Hello all,

I need help in three problems that I'm facing with my OpenLDAP implementation please.

First problem: I'm able to connect to my LDAP server on 636 port without a problem from the same subnet but not outside the Internet. What I want to achieve is to be able to connect from a particular range of static IP's.

The ACL part of my slapd.conf is:

access to attrs=userPassword,shadowLastChange by dn="uid=authenticate,ou=System,dc=example.com" read by dn="uid=myusername,ou=Users,ou=bca,dc=example.com" read by anonymous auth by self write

access to attrs=givenName,sn,cn,mail by dn="uid=syncrepl,ou=system,dc=example.com" read by anonymous peername.ip=some_static_ip read by anonymous peername.ip=some_static_ip read by anonymous peername.ip=some_static_ip read by anonymous peername.ip=some_static_ip read by self read by users auth by anonymous auth

access to attrs=uid by anonymous read by users read

access to dn.regex="^.*,uid=([^,]+),ou=Users,dc=example.com$" by dn.exact,expand="uid=$1,ou=Users,dc=example.com" write

access to * by dn.exact="uid=authenticate,ou=System,dc=example.com" none by users none break by self read by users read by * none

2nd problem: The following ACL does not work at all or I'm doing something wrong:

access to attrs=givenName,sn,cn,mail by dn="uid=syncrepl,ou=system,dc=example.com" read by anonymous peername.ip=some_static_ip read by anonymous peername.ip=some_static_ip read by anonymous peername.ip=some_static_ip read by anonymous peername.ip=some_static_ip read by self read by users auth by anonymous auth

I can't bind as anonymous from 'some_static_ip' in order to fetch the mail, givenName etc into the Thunderbird address book for example.

3rd problem and last!
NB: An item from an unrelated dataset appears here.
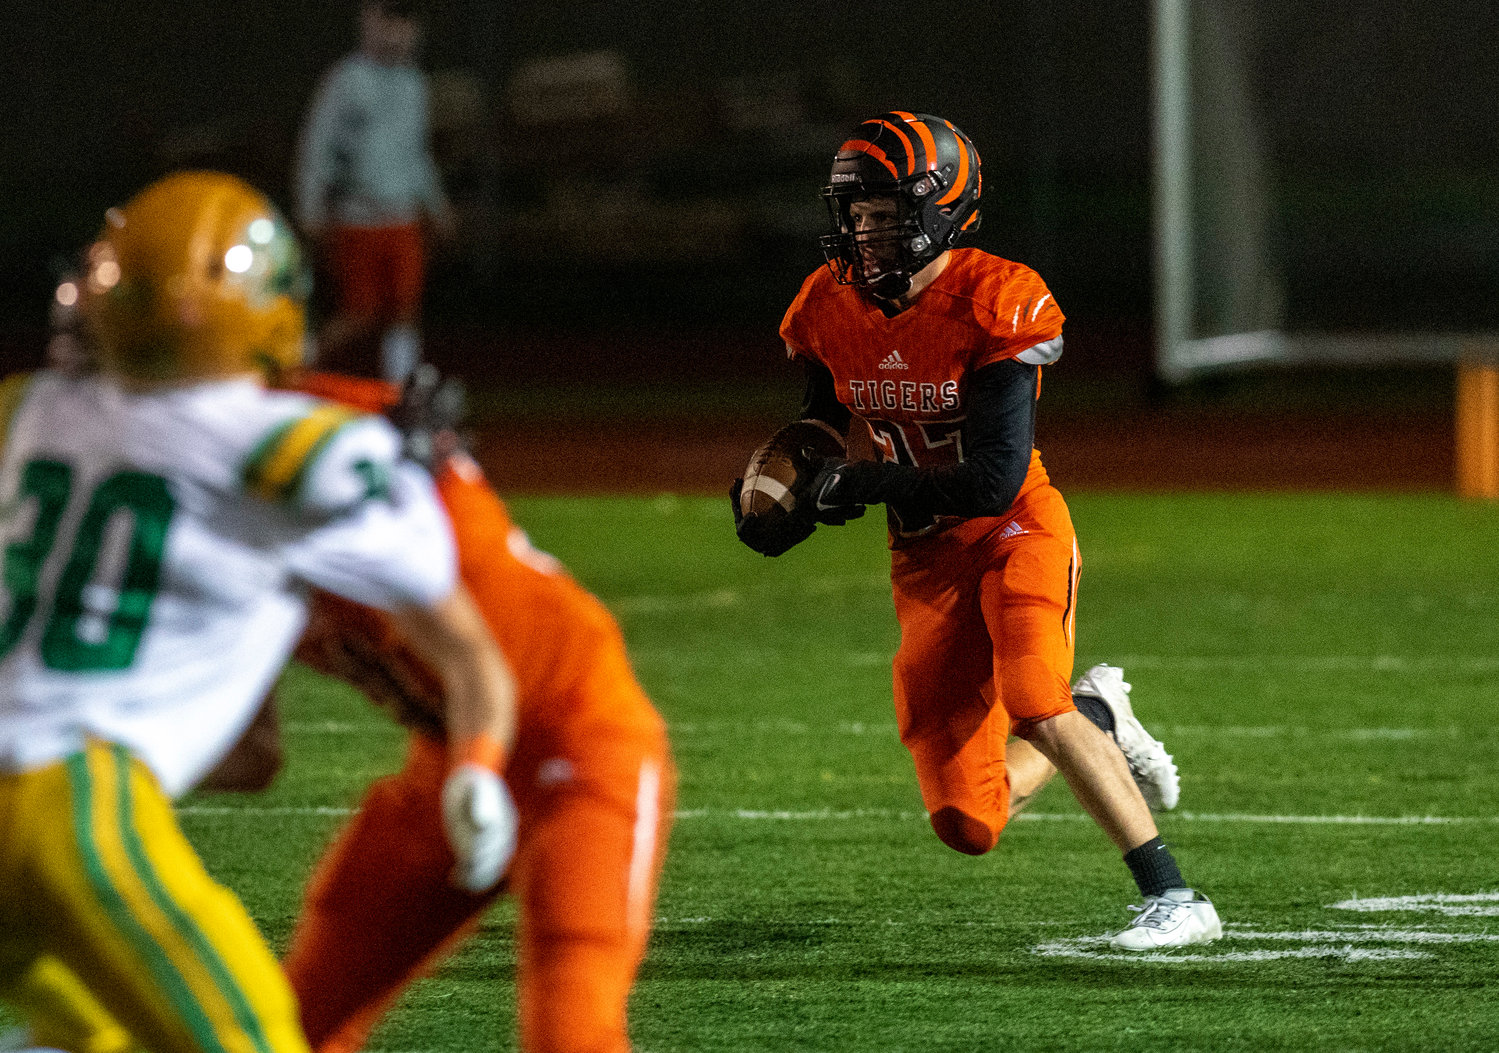 Centralia’s Anthony Saucedo (27) returns a kickoff against Tumwater Oct. 29.

If I reboot the master server then the slave does not bind correctly and email etc does not work at all even though it is configured on that server (slave). Also when I reboot the servers, master must come up first as otherwise I'm not able to connect until I reboot the slave server.

Both servers running on Ubuntu 9.04 if that matters in any way. See output: root@masterldap:/etc/ldap# dpkg -l slapd Desired=Unknown/Install/Remove/Purge/Hold | Status=Not/Inst/Cfg-files/Unpacked/Failed-cfg/Half-inst/trig-aWait/Trig-pend |/ Err?=(none)/Hold/Reinst-required/X=both-problems (Status,Err: uppercase=bad) ||/ Name Version Description +++-==============-==============-============================================ ii slapd 2.4.15-1ubuntu OpenLDAP server (slapd)

I have also attached the whole slapd.conf file of my master server in case that helps more.

Any help, suggestion is much appreciated.